Giotto di Bondone, the father of modern painting and one of the greatest figures in the history of Western art, was born in a small hamlet in the valley of the Mugello, twenty miles north of Florence in 1267. We know very little about him and his exact birthplace has been disputed. He was almost certainly, apprenticed to Cimabue and was in Florence by about 1280.

By 1312 Giotto belonged to the Florentine Guild of doctors and apothecaries to which painters belonged. Between 1329 and 1332, he worked for the King of Naples and in 1334 he was appointed chief architect for the Cathedral of Florence, which he helped design and for which he created several statues. We know that he worked at various times in Rome, Milan, Padua, Assisi, Ravenna, Rimini, and other cities in Italy and in France. He died in Florence in January, 1337 and was buried in the cathedral with great civic honors and at the expense of the city.

Giotto signed his name to only three of his paintings. His most famous attributed works are the Arena Chapel frescoes (1305-10) in Padua, the Bardi and Peruzzi Chapel frescoes in Santa Croce in Florence, and the magnificent Ognissanti Madonna for the Church of All Saints. The twenty-eight frescoes based on the life of St. Francis and located in the Upper Church of the Franciscans in Assisi are accepted as Giotto’s by some art historians and denied him by others. The controversy, which has now raged for a century and a half, fills volumes and has yet to be resolved.

Giotto was concerned with the problem of presenting human figures and their actions realistically on a flat surface that was to represent three-dimensional space. Before Giotto, artists had followed the flat forms of the Byzantine tradition, imitated each other, and disregarded what they saw around them. Giotto studied both nature and the human body which he saw as invested with great dignity, deep emotions, and humanity, and he placed his human figures in free, albeit shallow, space. It is to the credit of his contemporaries, artists and laymen alike, that his genius was recognized and accepted immediately. The old forms of art gradually vanished, first from Florence and then from other Italian art centers, to be replaced by new art forms from which there could be no turning back.

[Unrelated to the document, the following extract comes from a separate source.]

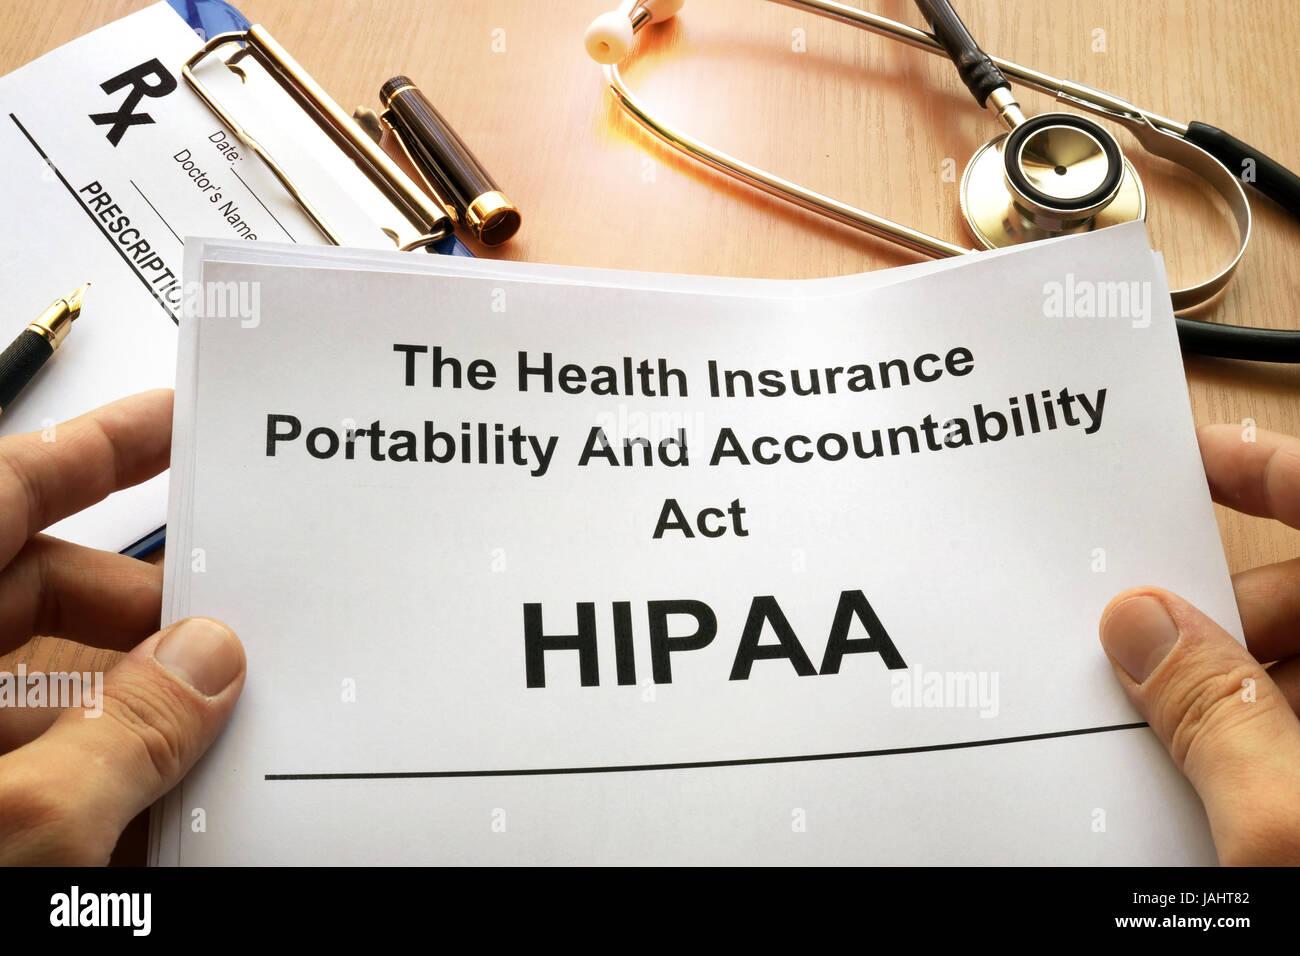 HIPAA.  The Health Insurance Portability and Accountability Act of 1996. - Stock Image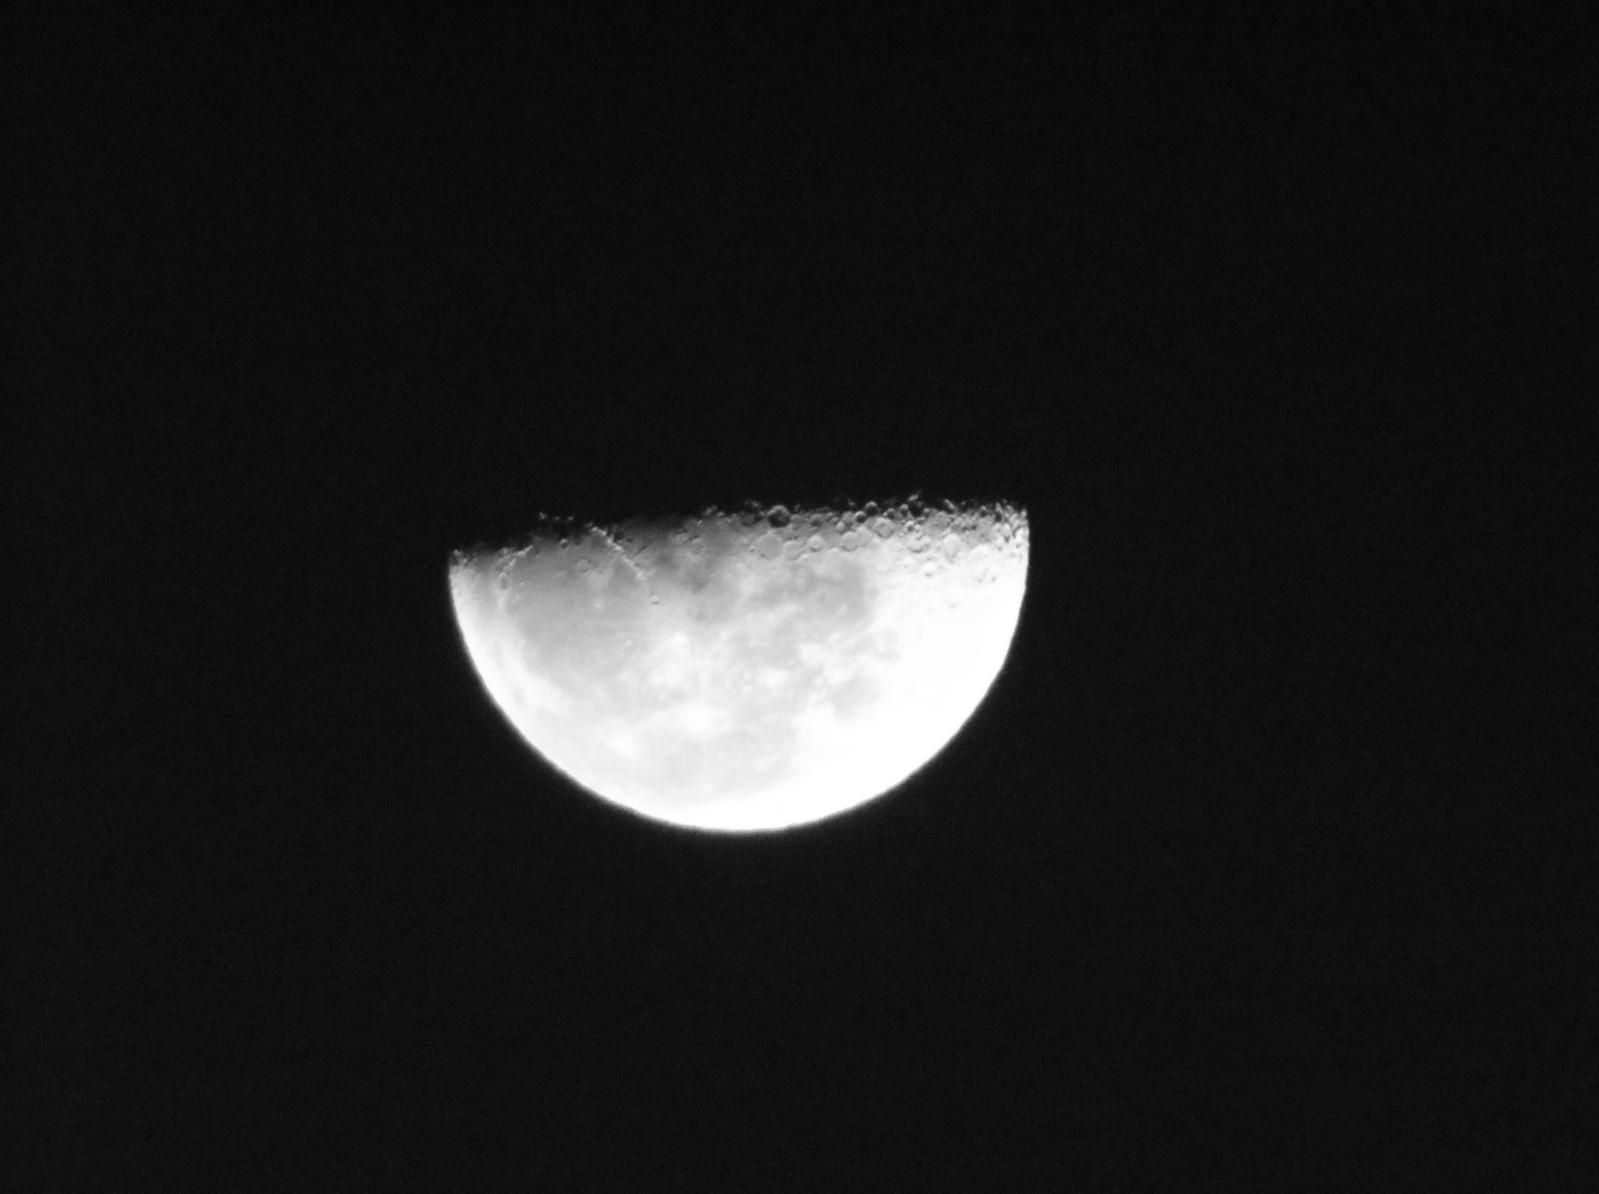 Fotos da Lua - Câmera compacta + Binóculo 10x50 2upvc3s

Giotto’s immediate successors were his pupils, Taddeo and Bernardo Daddi. It was not until seventy-five years later that Masaccio took the next step forward, experimenting with scientific perspective that permits infinite spatial representation on the flat plane. Giotto’s form, content, and freedom of expression had a profound influence on the subsequent development of European painting. He died in 1337.